4) Find the **three lowest** scores and the **three highest** scores.

**Why this matters:** These questions are exactly the kind of quick summaries an analyst produces to explain a dataset.

In [None]:
# Guided Practice 1: mean and median

mean_score = scores["quiz_score"].mean()
median_score = scores["quiz_score"].median()

print("Mean:", mean_score)
print("Median:", median_score)

### ✅ Expected output

Two printed numbers for mean and median.

If they are very close, that often suggests the distribution is fairly balanced (not strongly skewed).

In [None]:
# Guided Practice 2: min, max, range

min_score = scores["quiz_score"].min()
max_score = scores["quiz_score"].max()
range_score = max_score - min_score

print("Min:", min_score)
print("Max:", max_score)
print("Range:", range_score)

In [None]:
# Guided Practice 3: variance and standard deviation

variance_score = scores["quiz_score"].var()
std_score = scores["quiz_score"].std()

print("Variance (sample):", variance_score)
print("Standard Deviation (sample):", std_score)

### ✅ Expected output

Two positive numbers:
- Variance will usually be a larger number (because it uses squared units)
- Standard deviation will be in the same unit as scores (points), which is often easier to interpret

In [None]:
# Guided Practice 4: three lowest and three highest scores

sorted_scores = scores.sort_values(by="quiz_score")

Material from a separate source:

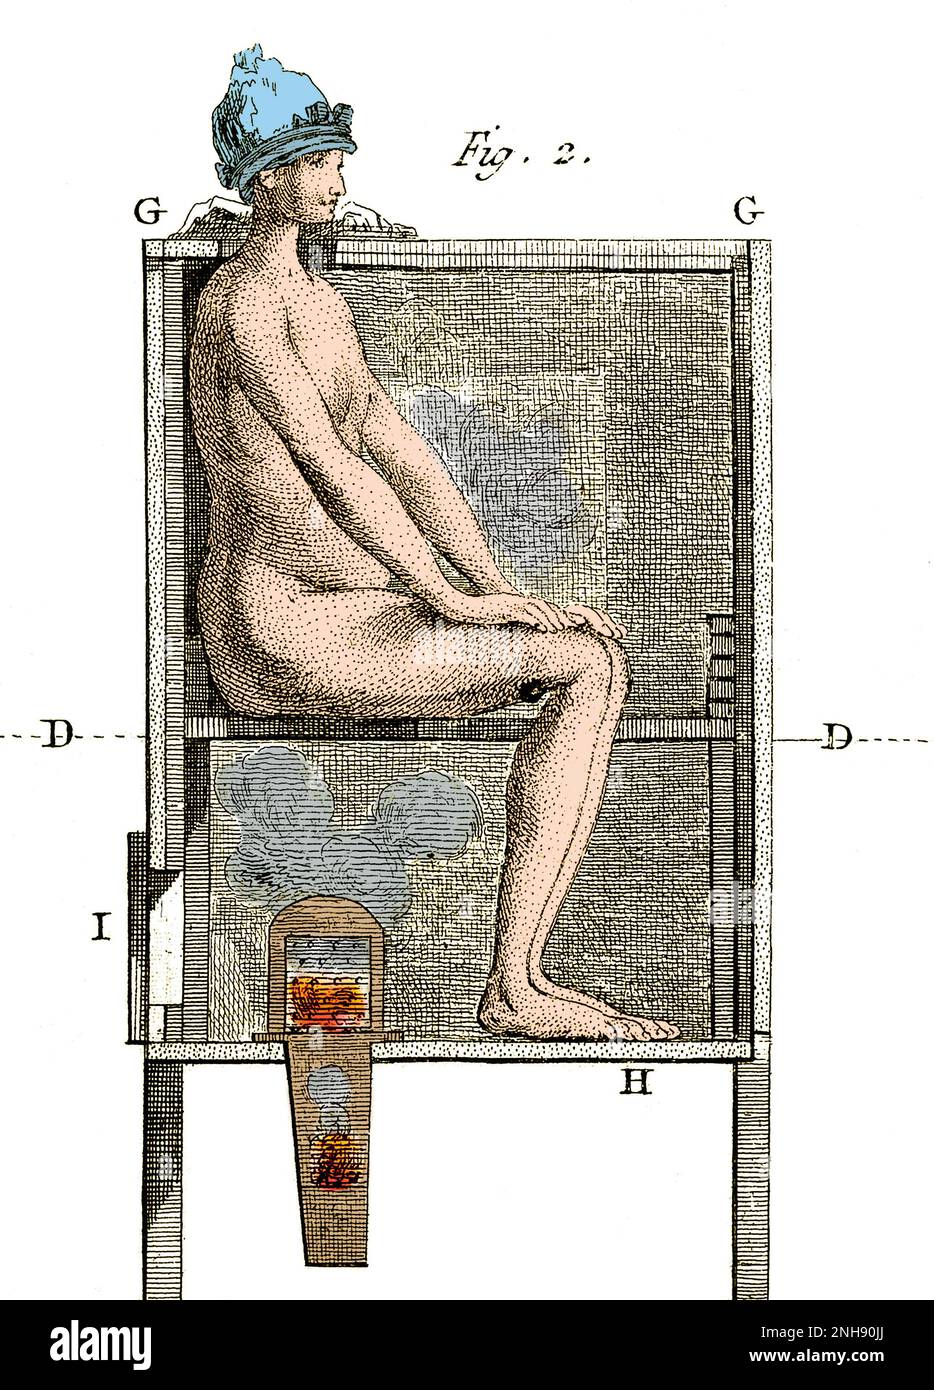 Abbildung zeigt eine Methode zur Behandlung von Geschlechtskrankheiten durch Begasung. Gravur von Pierre Lalouette, 1776. Gefärbt. Stockfoto

lowest_three = sorted_scores.head(3)
highest_three = sorted_scores.tail(3)

print("Three lowest scores:")
display(lowest_three)

print("\nThree highest scores:")
display(highest_three)

### ✅ Expected output

You should see:
- The three lowest scores (including **68** and **70**)
- The three highest scores (including **92** and **94**)

Your exact student IDs should match the rows in the dataset.

## Hands-On: Write a Short Stats Summary

Imagine you’re reporting to someone who wants a quick update about how the class did.

### Task
1) Compute (or reuse) these values:
- mean
- median
- min
- max
- range
- standard deviation

2) Write **3–5 bullet points** interpreting what you found.

**Why this matters:** Analysts don’t just calculate numbers—they explain what the numbers *mean* in plain language.

In [None]:
# Hands-On: Compute a small summary

mean_score = scores["quiz_score"].mean()
median_score = scores["quiz_score"].median()
min_score = scores["quiz_score"].min()
max_score = scores["quiz_score"].max()
range_score = max_score - min_score
std_score = scores["quiz_score"].std()

print("Mean:", mean_score)
print("Median:", median_score)
print("Min:", min_score)
print("Max:", max_score)
print("Range:", range_score)
print("Standard Deviation:", std_score)

### ✅ Expected output

You should see the six statistics printed.

Use them to write your interpretation below (next cell).

### Write your interpretation (3–5 bullets)

- 
- 
- 
- 
- 

## Key Takeaways

- Measures of **central tendency** describe a typical value (mean/median/mode).
- Measures of **spread** describe variation (range/variance/std dev).
- Visuals like histograms and box plots help you see the distribution.
- In analytics, your job is to compute **and** communicate what it means.